# What is the difference between a sieve and an undercut rock?



## Geezer (Oct 14, 2003)

I think a sieve is made up of rocks that the water flows through but catches everything else, like boaters. An undercut is a rock that water flows under and catch stuff like boaters. :?:


----------



## JCKeck1 (Oct 28, 2003)

Undercut: Supermax or 1st Falls on Bailey

Sieve: The entirety of U. Taos Box

Basically, an undercut is generally one rock or a cliff where the rock extends further upstream above water than it does underwater. Therefore, anything underwater will also go under at least part of the rock. A sieve looks a lot like a spagetti strainer. Water goes through at multiple points, but none of them are big enough for a boat/boater. These can be made by a pile of rocks or multiple logs across the current. Strainers can also be made by several undercut rocks. They're used interchangeably on the buzz because they esentially mean the same thing - stay the hell away.


----------



## cosurfgod (Oct 10, 2003)

So what's the difference between a strainer and a sieve? Both can be made of rock or lumber and allow water through but not boats/ boaters. 
:?:


----------



## Andy H. (Oct 13, 2003)

I think of strainers as piles of logs, sticks, branches, etc that have accumulated and are waiting to accumulate a swimmer. As for a seive, that could be rocks that do the same. Its quibbling over fine points from here on out. As Keck said, "They're used interchangeably on the buzz because they esentially mean the same thing - stay the hell away." 

--Andy


----------



## Cutch (Nov 4, 2003)

Not that it really matters, but you can go through a sieve. It's definetly not reccomended (and never by choice), but I have actually went through two of them in 11 years of kayaking. They literally suck. 

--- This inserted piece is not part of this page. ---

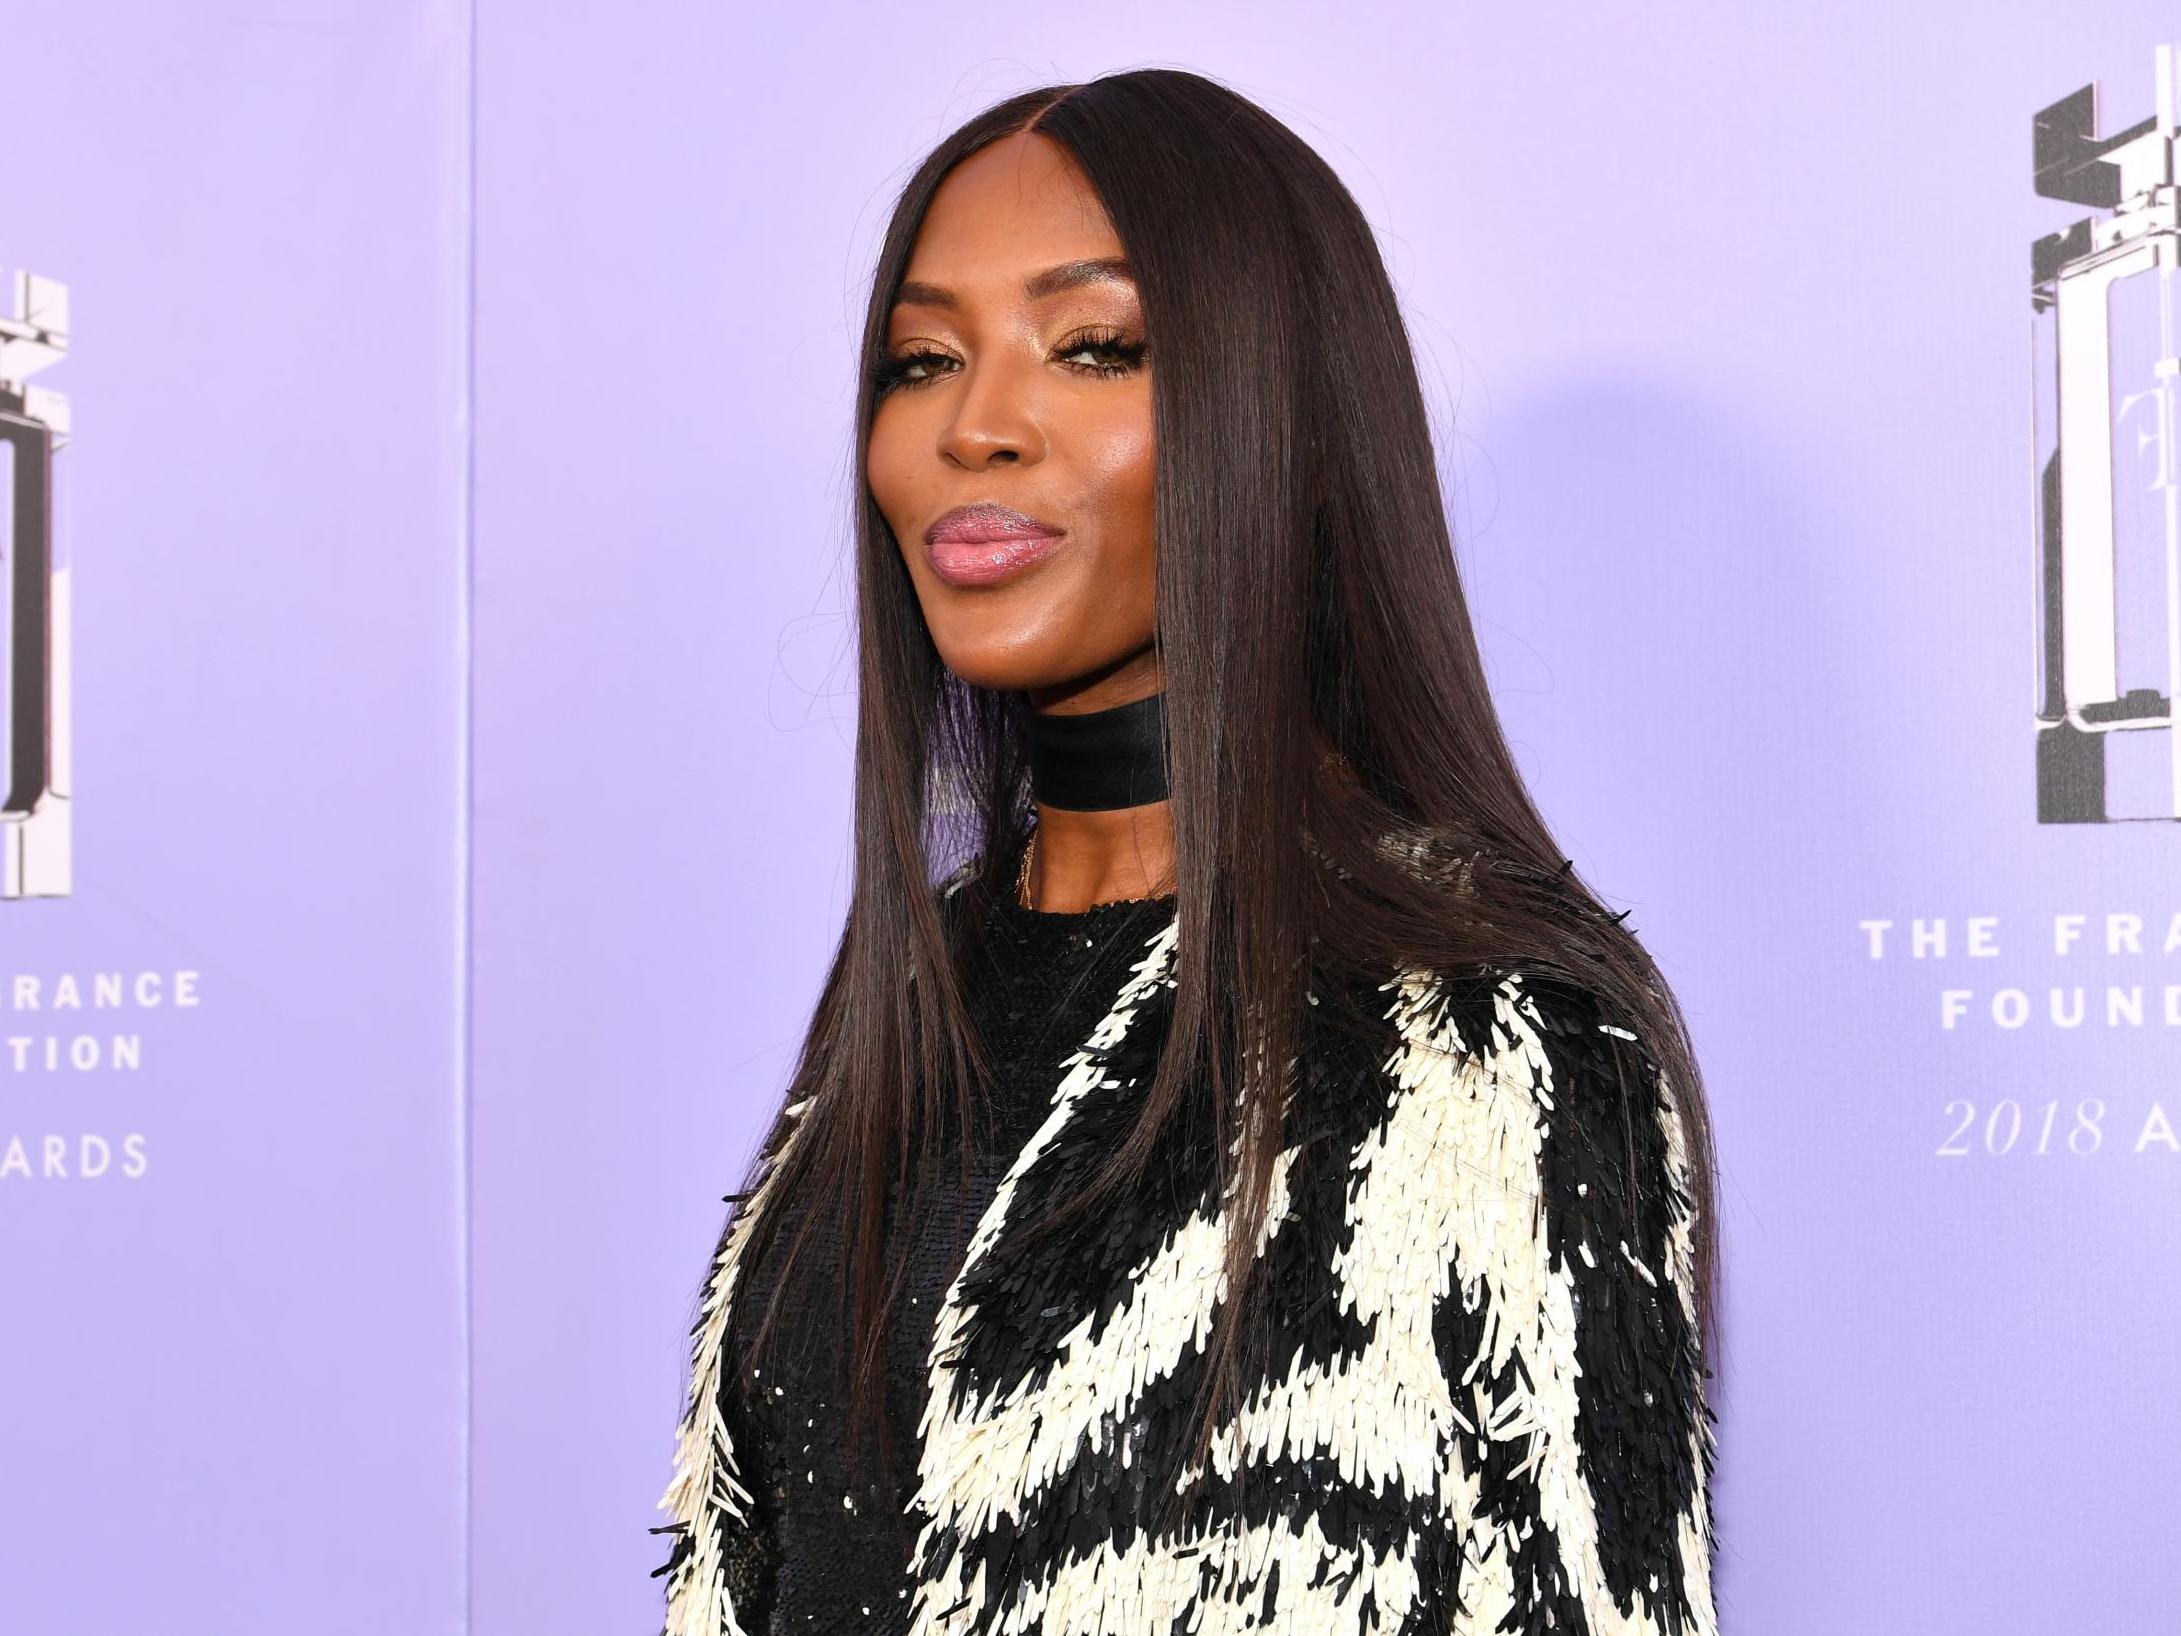 Naomi Campbell says a country wouldn't run her campaign because she's black

An undercut doesn't have a drain at the back of it. It's just current flowing underneath a side of a rock. 

A sieve has water going through an actual hole underground (or under rock). It's like a natural underwater tunnel, and it can be short or very long. 

Strainers invovle wood, or metal debries etc., never rock.


----------



## Ed Hansen (Oct 12, 2003)

Kyle "Little Spoon" McCutchen's descripition is pretty much what I've always gone by. 

If you see a big rock with alot of current slamming right into it, with zero water pillow, you can bet some form of sieve or undercut is at work.


----------



## Phillips (Feb 19, 2004)

I concur with Mr. Keck, sieves and undercuts both need to be eliminated from your daily regimine. They both will cause major problems in your "cool factor".

Lates
Kent

PS. Keck, how dee eyeballs?
P.S.S. Spencer Heights was fun today, needs a little more H20 though.


----------



## JCKeck1 (Oct 28, 2003)

Eyes are awesome! I'm pissed you got on spencer and I didn't make it. I'll be hitting Pine Creek on next tuesday if you're interested. Stay away from those straining, undercut, sieved out pin/broach rocks - ok, I'm a little buzzed.


----------